Norwich Union has brought out the guaranteed growth bond, a guaranteed equity bond linked to the FTSE 100 index for six years.
Investors in the bond will get all their original capital back plus at least 20 per cent growth regardless of index performance.
Alternatively, investors will get their original capital back plus 65 per cent growth in the index if this is a greater return than 20 per cent growth on the original investment.
To calculate the returns, the closing level of the index is recorded on September 24, 2004 and compared with an average over the last six months of the term.
Legal & General's capital protection plus is a similar product linked to the FTSE 100 index for six years. It offers a minimum return of the original capital plus 23 per cent growth, which is slightly higher than that of Norwich Union. However, the maximum growth potential is lower than the Norwich Union product at 50 per cent growth in the index.
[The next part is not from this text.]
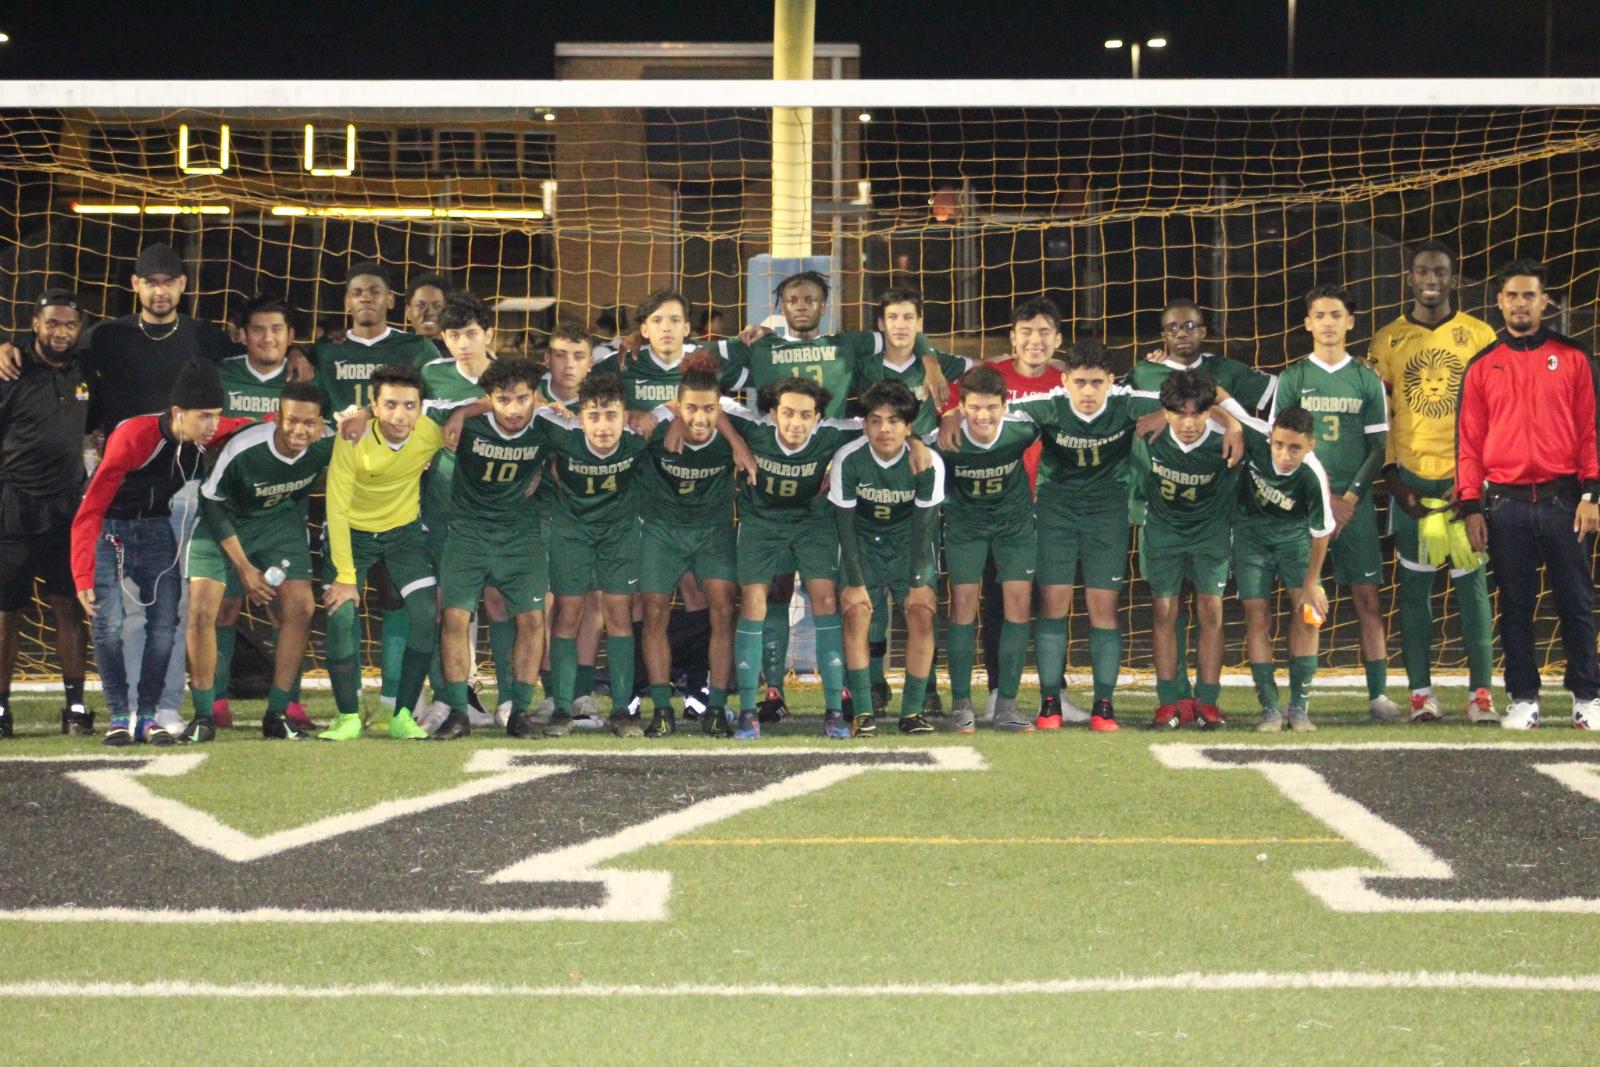 Tight-Knit Morrow Boys Soccer Team Posted Successful 2020 Season

Another difference between the products is the length of averaging used in the calculation of the final return. While the Norwich Union product uses averaging over the least six months, the Legal & General product has 12-months averaging during the final year of the term. For the investor this is swings and roundabouts as Legal & General's product would take into account the performance of the index over a longer period, whether that is good or bad.
If the index performance is good throughout the final 12 months this could help boost the final level of return but the opposite would be the case if performance was poor. Also, as the participation rate of the Norwich Union product is higher investors may achieve higher returns with this, depending on the prevailing market conditions, even though the averaging period is shorter.